On Fri, Jul 26, 2013 at 3:03 PM, Richard Bair <richard.b...@oracle.com>wrote:

> Actually Jasper and Scott just pointed out some problems here. I mistyped
> (should have been return _x; from the getter). But also I didn't handle the
> case of binding, or setting via the property correctly here. So this
> modified pattern doesn't work. I may be remembering it wrong and Alex can
> correct me.
>
> Richard
>
> On Jul 25, 2013, at 9:21 AM, Richard Bair <richard.b...@oracle.com> wrote:
>
> >> Regarding memory requirements of the "full lazy" properties, let me
> state the obvious:
> >> - if the property is not used at all, we have a reference and a double
> instead of just a reference (worse unless in bucket)

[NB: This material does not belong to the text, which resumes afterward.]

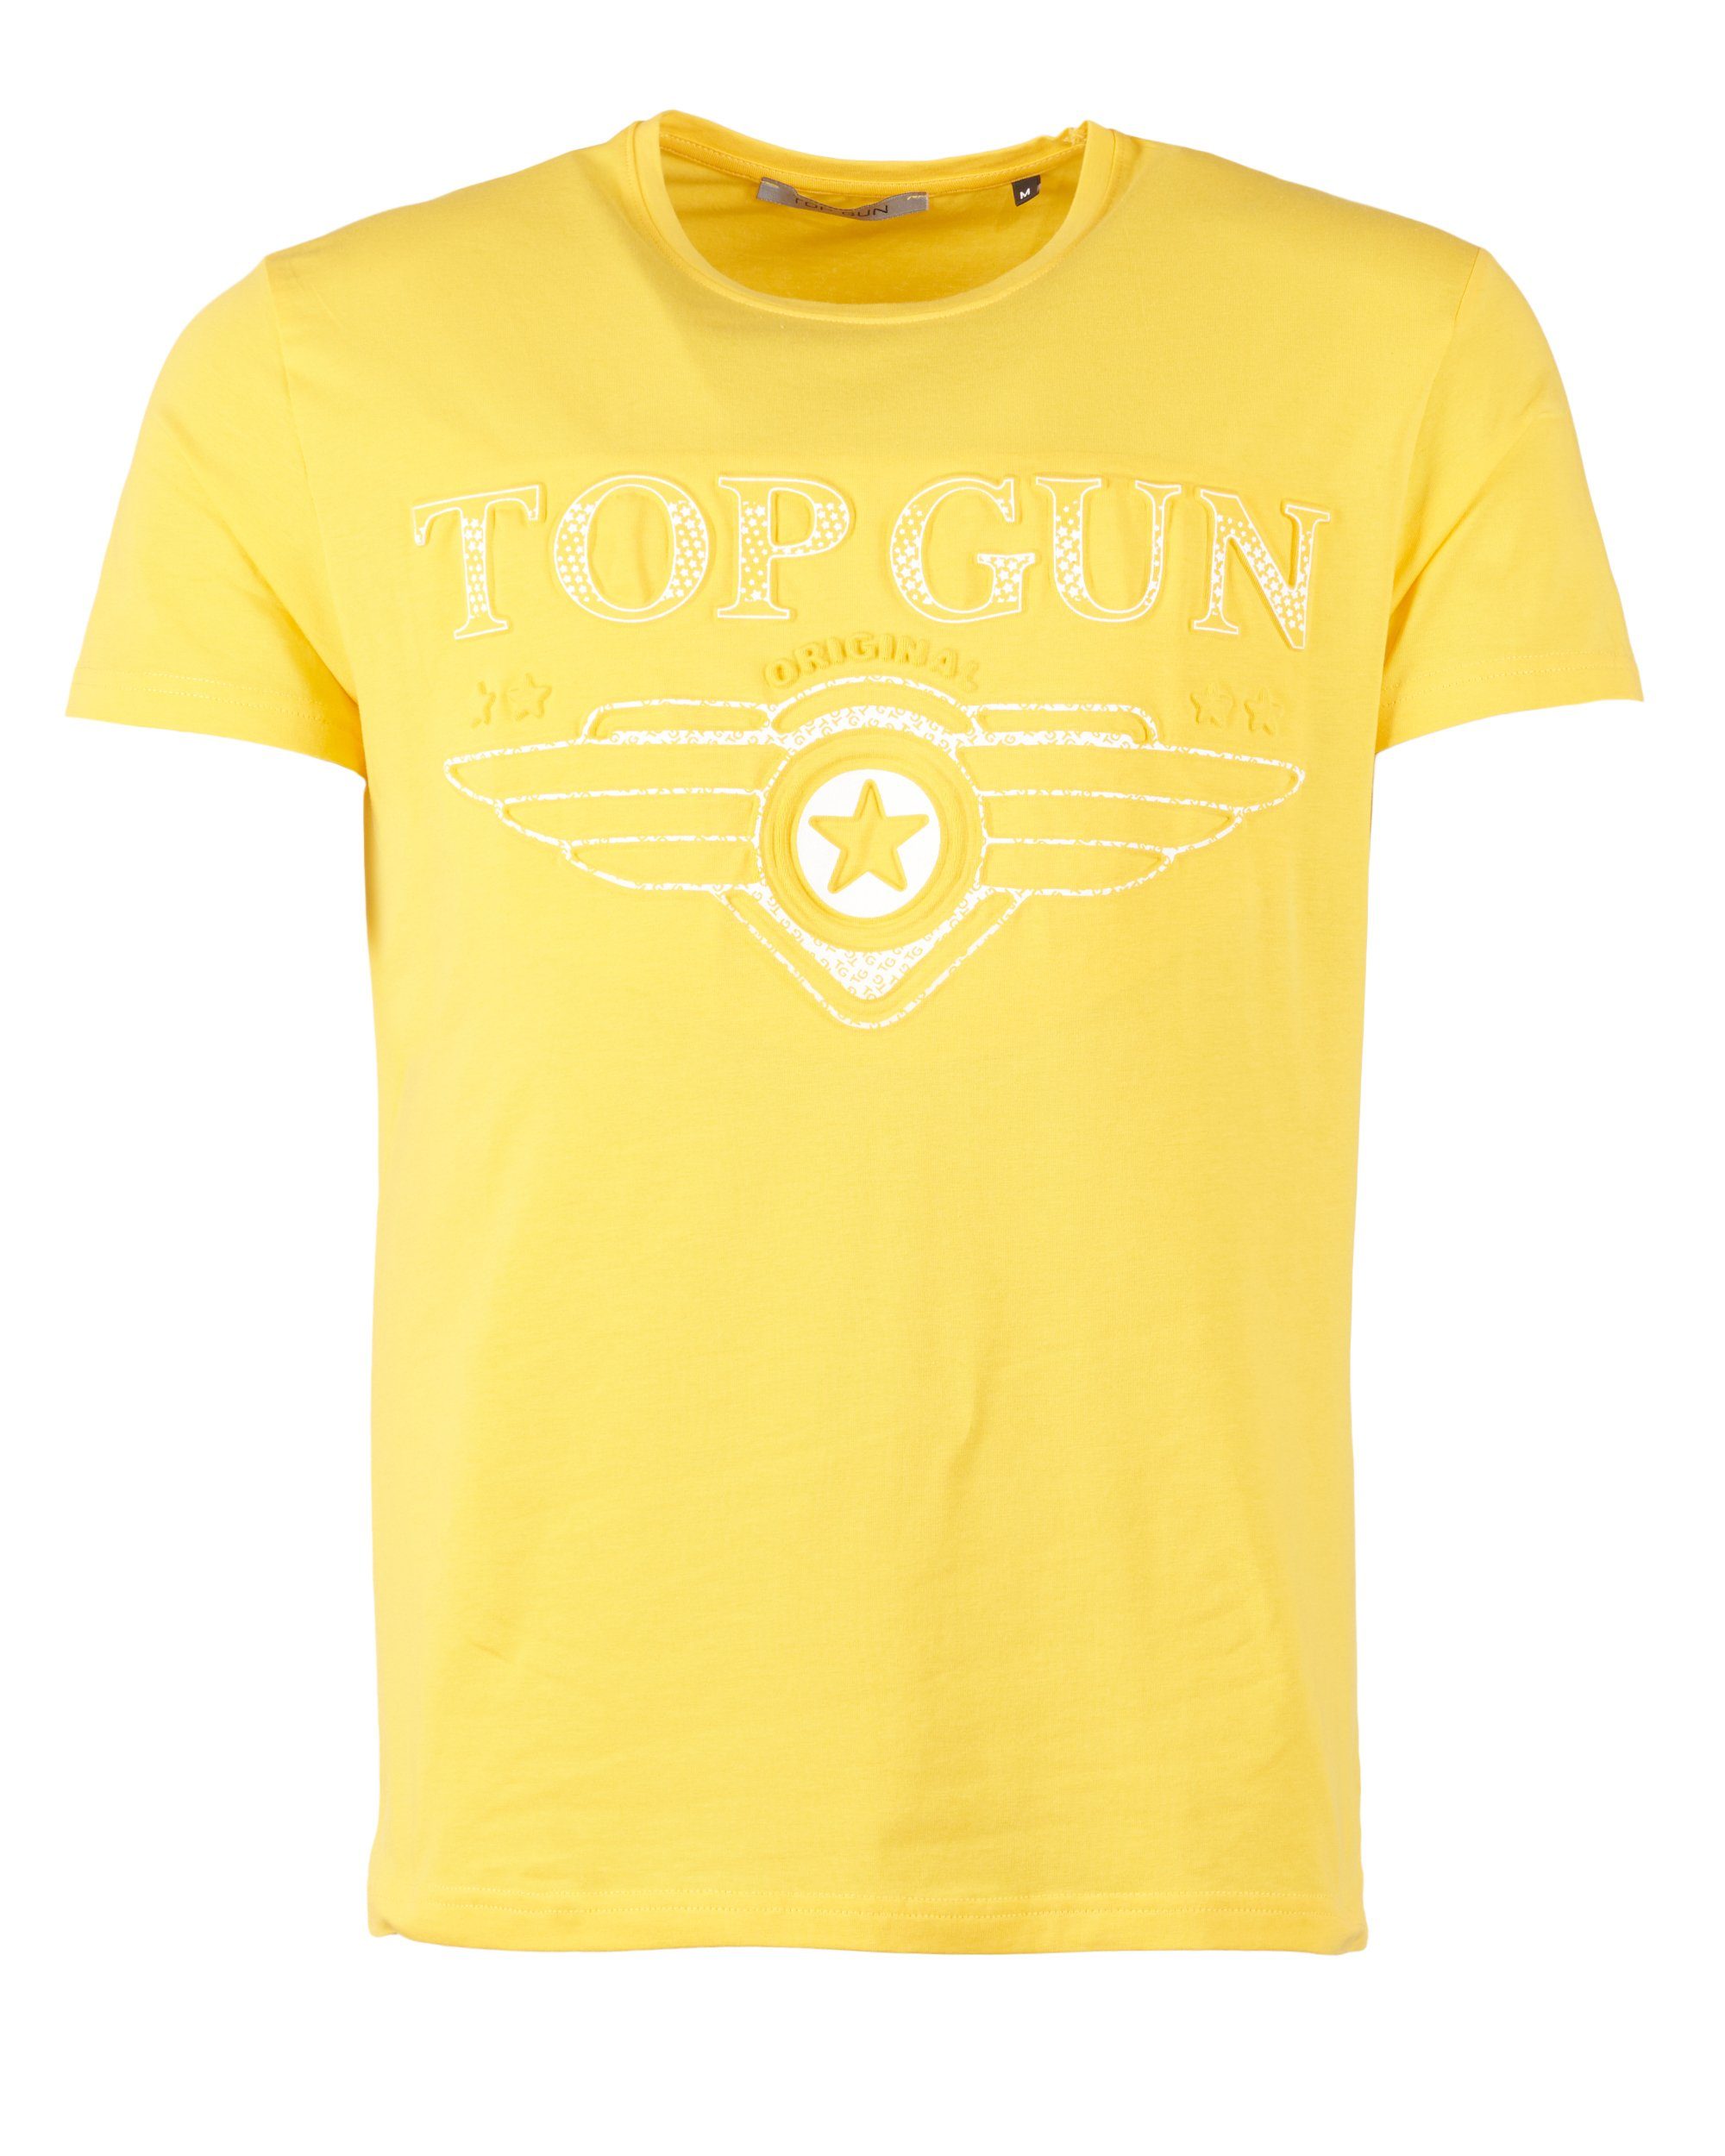 T-Shirt GUN TG20193018 Bling yellow TOP
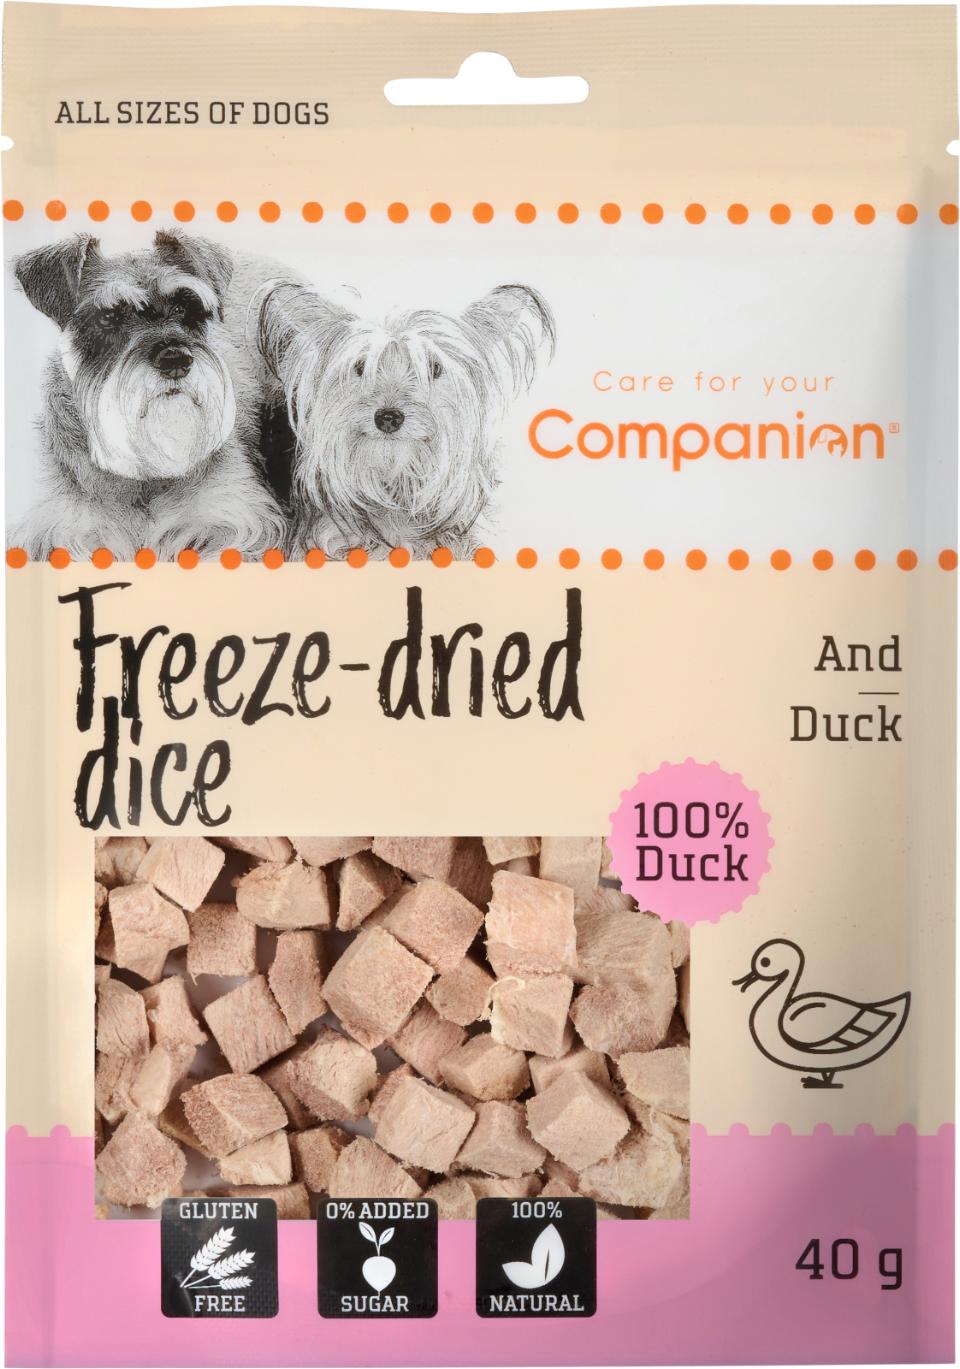 Companion freeze-dried dice - and 40g.

> >> - if getters/setters are called, we still have a reference and a double
> instead of full instantiated property (better)
> >> - if a listener is added, we have instantiated property and a double
> instead of just the property (slightly worse)
> >> So it looks like it would make best sense to introduce this for
> properties that are often get/set but usually don't have listeners on them.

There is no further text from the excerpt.